County director of Education Milton Nzioka said after capturing the data on the number of children who had not reported, they had mobilised administrators to find out why they were not in school.
“We’ve been informed that some girls are pregnant while others got married, yet some boys decided to drop out and engage in small businesses. Our detailed data will capture all these reasons,” Mr Nzioka said.
In Murang’a, Grade 4, Standard 8 and Form 4 students had reported at an average of 94, 89 and 95 per cent, respectively.

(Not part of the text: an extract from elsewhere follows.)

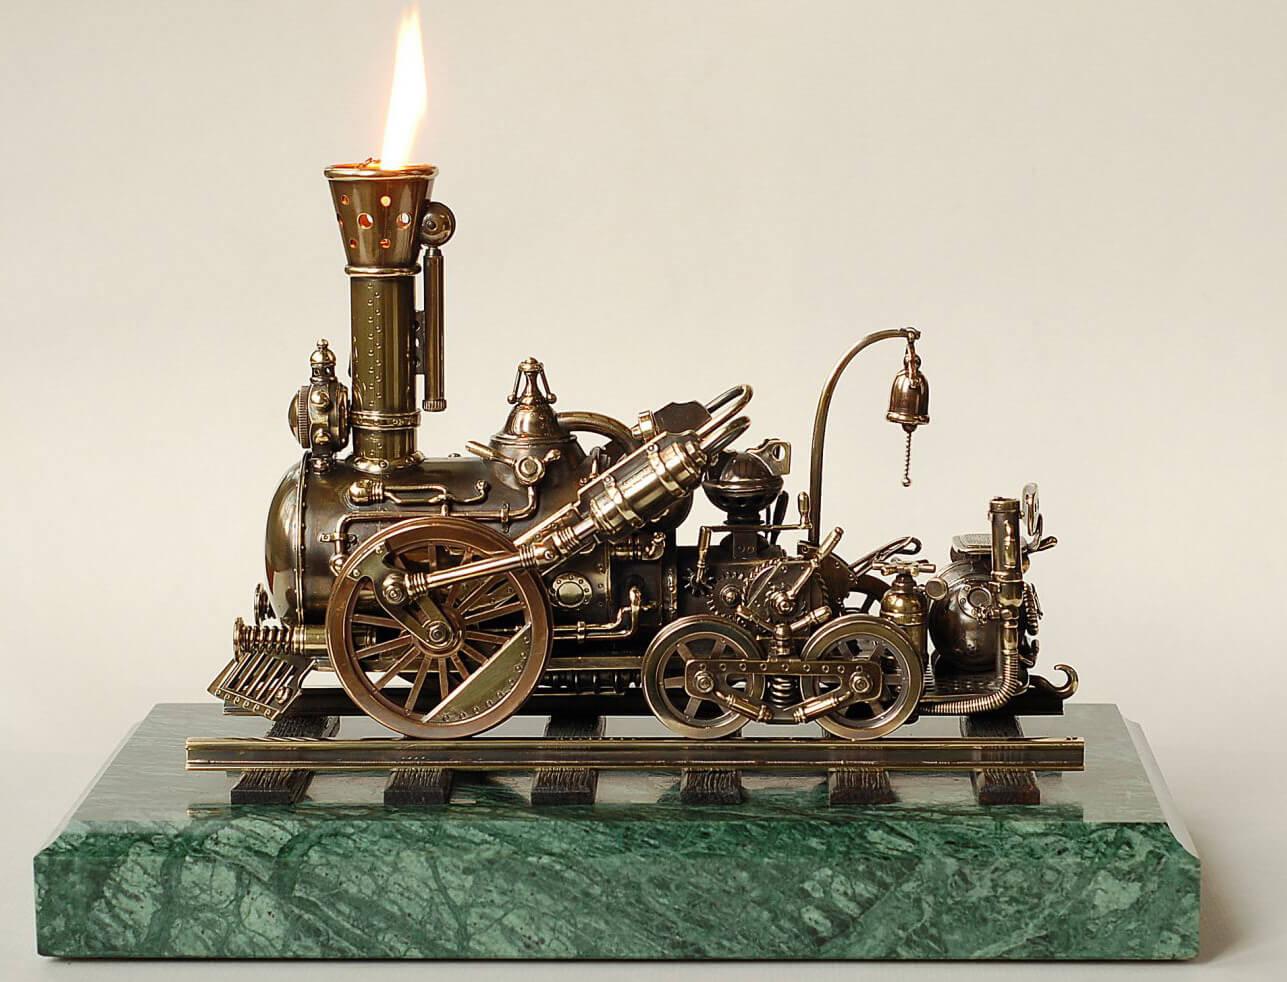 Настольная зажигалка - украшение интерьера рабочего кабинета

However, in neighbouring Nyeri, nearly 100 per cent of learners had returned to school.
Grade 4 learners
“We asked the head teachers and principals to follow up and discuss with the parents of those who had not returned,” the county director of education, Sabina Aroni, said.
And in Tharaka Nithi, the county director of education, Mrs Bridget Wambua, told the Nation that 10,279 Form 4 students, accounting for 93.9 per cent of the total enrolment are back in class.
She said 12,182 Standard 8 and 10,218 Grade 4 learners, translating to 95.9 per cent of the two classes, have also reported back.
Most of the learners who are yet to resume classes in Mombasa County are said to have relocated upcountry after their parents lost jobs in the wake of the Covid-19 pandemic.
Kuppet Kisumu branch secretary Zablon Awange said girls have dropped out after getting pregnant and being married off while some boys have quit school to engage in fishing and bodaboda business.
Homa Bay County Education Network coordinator Julius Omuga said the number of learners who are out of school was higher than what education officials were citing.